陈奕拉着顾江沿着路朝停车的地方跑。
顾江疼的额头直冒冷汗,但他的脸上一直带着笑。后来跑地累了,陈奕就大喘着气停了下来,他回头看顾江,顾江跟个傻子一样冲着他笑。
陈奕问:“笑什么?”
顾江调侃道:“我们这样好像私奔啊。”
陈奕嫌弃地看了他一眼。顾江面容苍白,一双手冷的彻骨。陈奕心疼地帮他擦去头上的汗珠,温声道:“再坚持一下,就快到了。”
休息一会后,陈奕拉着顾江缓步前进。顾江的呼吸急促不稳,他艰难地抬脚,一举一动都备受疼痛的煎熬。
几分钟后,他们到了停车的地方。眼前的一幕却让两个人都吃了一惊,顾江的车被人用油漆写上“人渣”、“败类”、“死全家”等恶毒的词语。
红色油漆尤其扎眼,陈奕看着那些极具侮辱性的咒骂词,全身冷却。世人喜欢看草根逆袭成王,更喜欢看王者坠入地狱,人性驱使,本性而已。
咔嚓咔嚓,那是心脏破碎的声音。
陈奕的眼眶又红了,他原本是不常哭的人,这几天流的泪加起来比过去二十多年里流的还要多。
他鼻翼缩动,无声地看着顾江。
顾江眼神里充斥着凄楚,他嘴角弯出一抹苦笑,对陈奕说:“没事。”
陈奕就跟听不见似的,他甩开顾江的手,从车里拿了卫生纸,固执地想擦去车身的文字。他边擦边说:“不是这样的,不是。”红色油漆完全干透,牢牢的扒在车身上,陈奕怎么擦也擦不掉,他的理智失了几分。

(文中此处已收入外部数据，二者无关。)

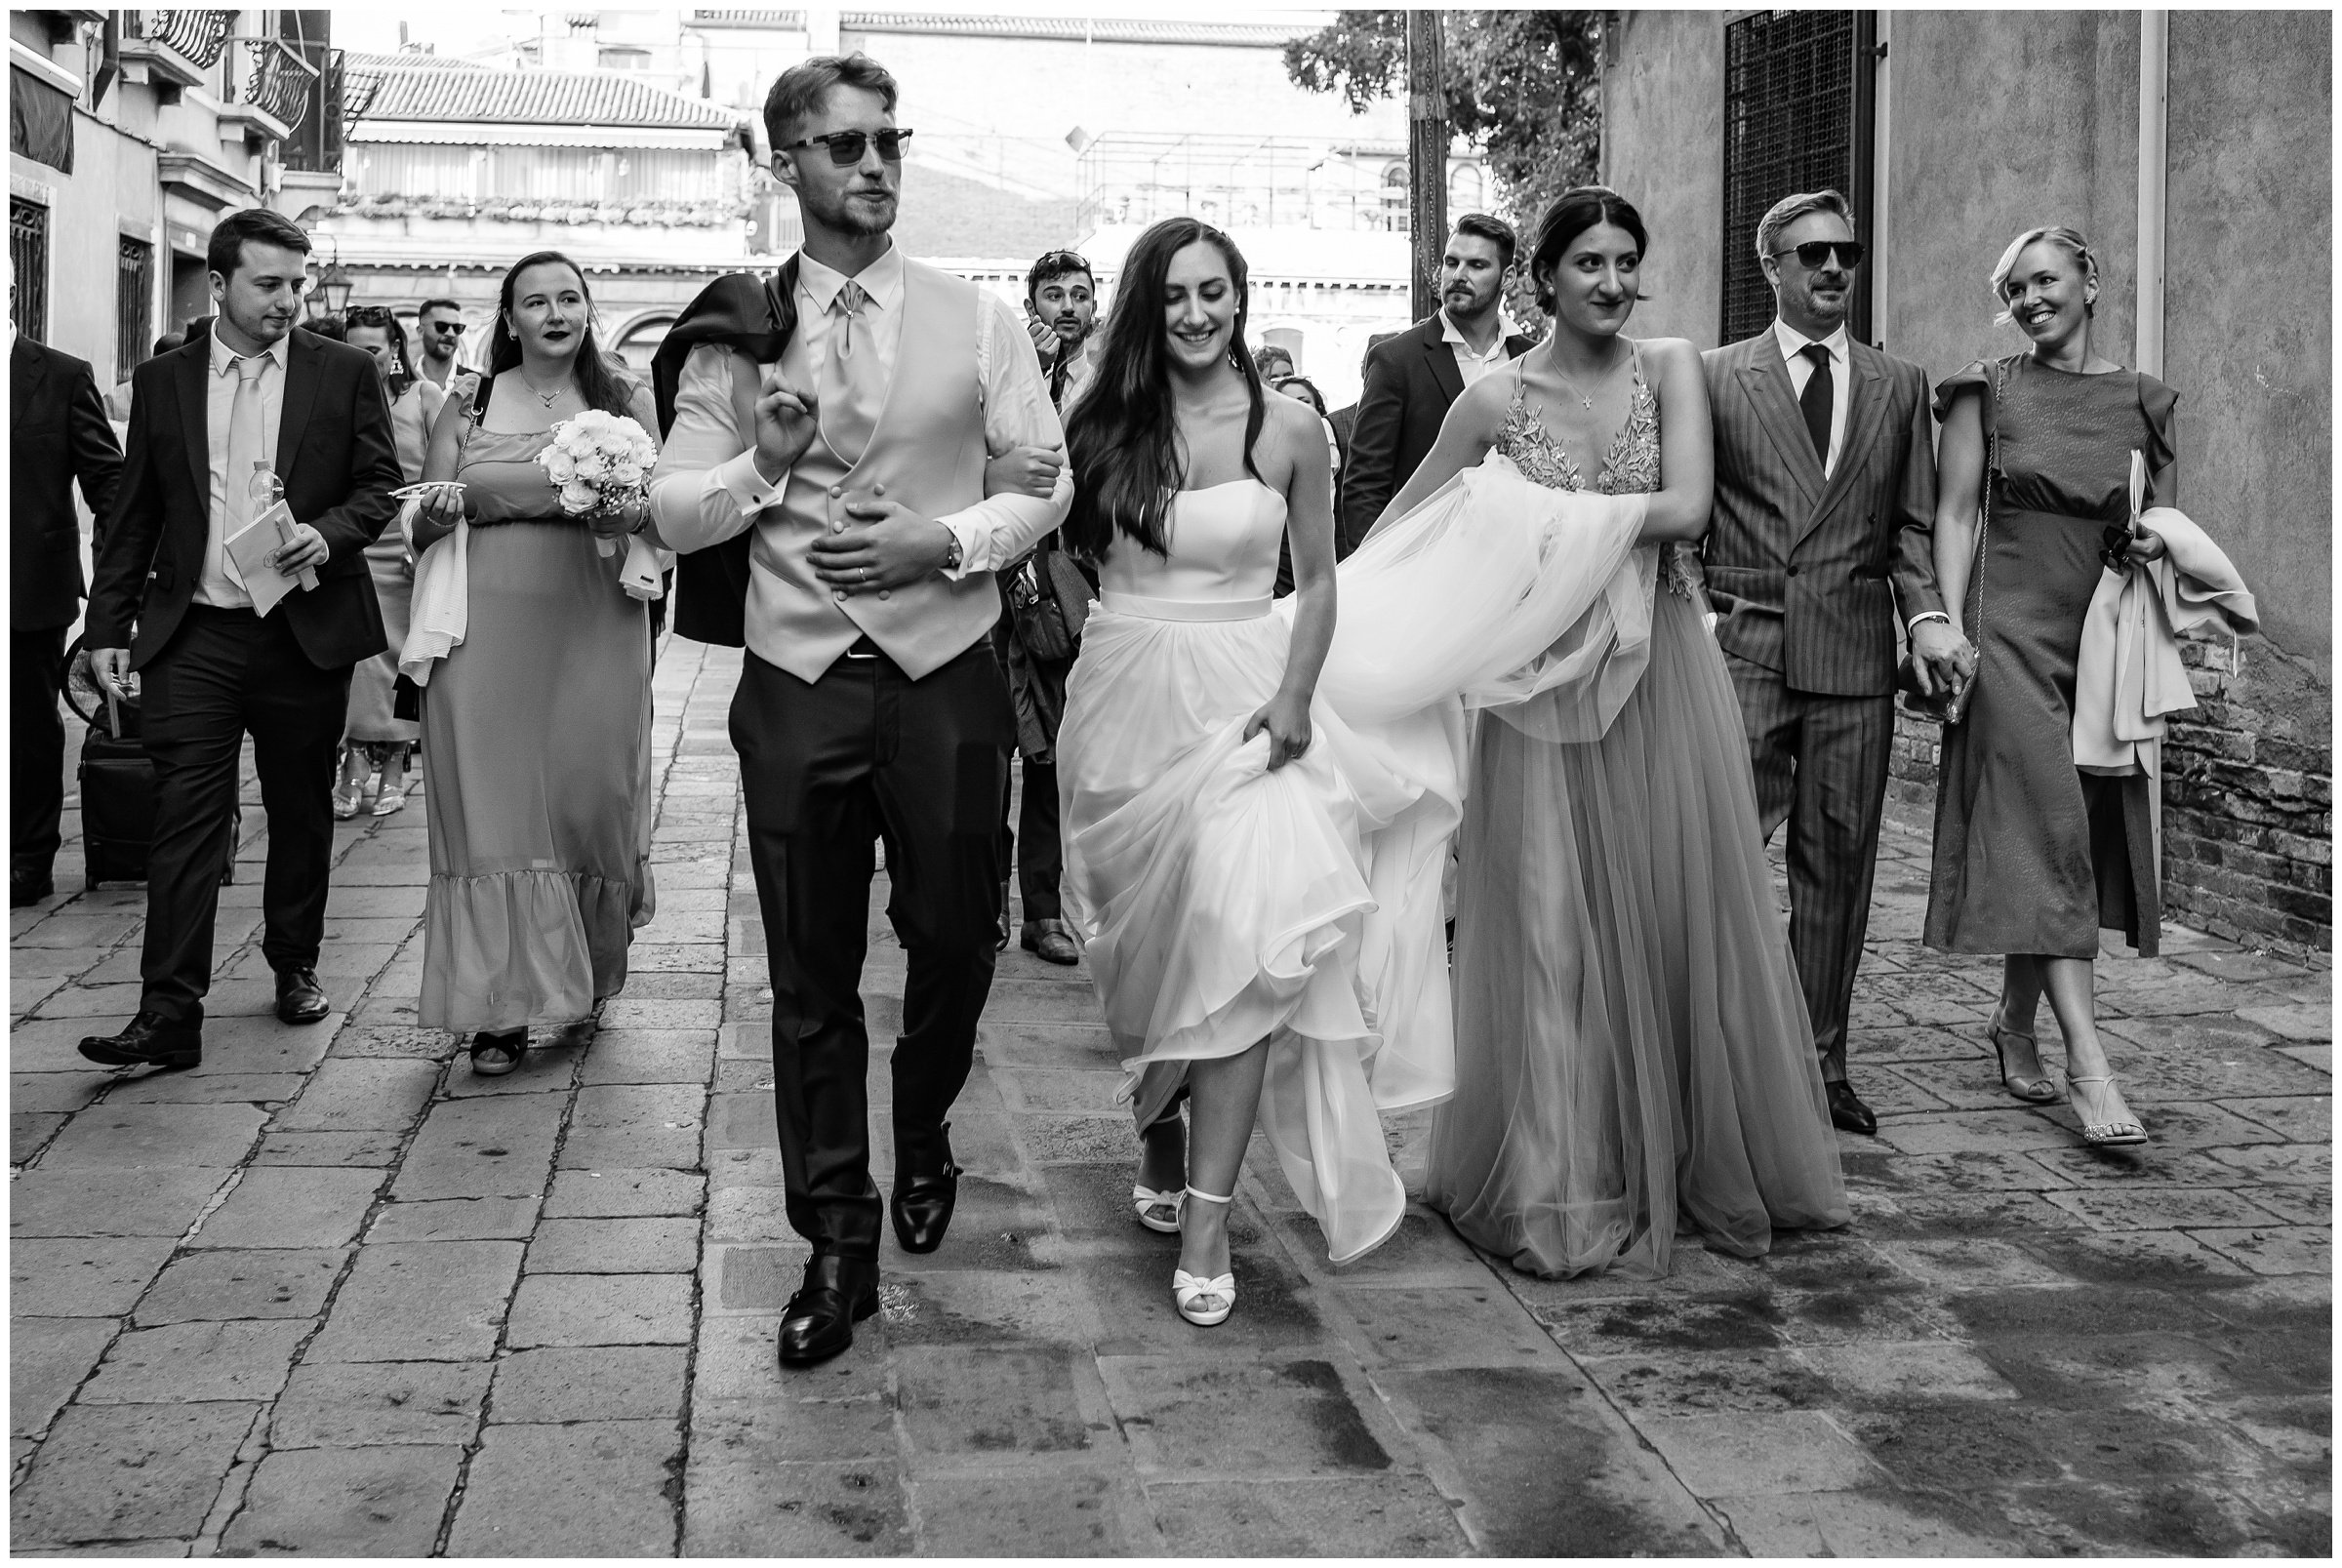 Matrimonio-san-servolo-fotografo-matrimonio-treviso-fotografo-matrimonio-venezia_0118.jpg

顾江忍着痛,按住陈奕擦拭车身的手,安抚道:“别担心,几个字而已,伤害不了我。”
陈奕一愣,狠声道:“狗娘养的,告死他们。”他被逼急了,罕见的爆了粗口。
身上有伤再加上奔跑时花费了很多体力,顾江的意识逐渐剥离了身体,他踉跄几步撞在陈奕身上。陈奕见状,立马开车送他去了医院。
眼下这个节骨眼,人满为患的公立医院自然是不敢去的。陈奕就带顾江去了赵医生那,赵医生除了是顾江的私人医生外,还开设了一家私人医院。
顾江后背满是棍棒的伤痕,赵医生给他做了一系列的检查,在确认没出现骨折、错位的情况下,他给顾江上了药。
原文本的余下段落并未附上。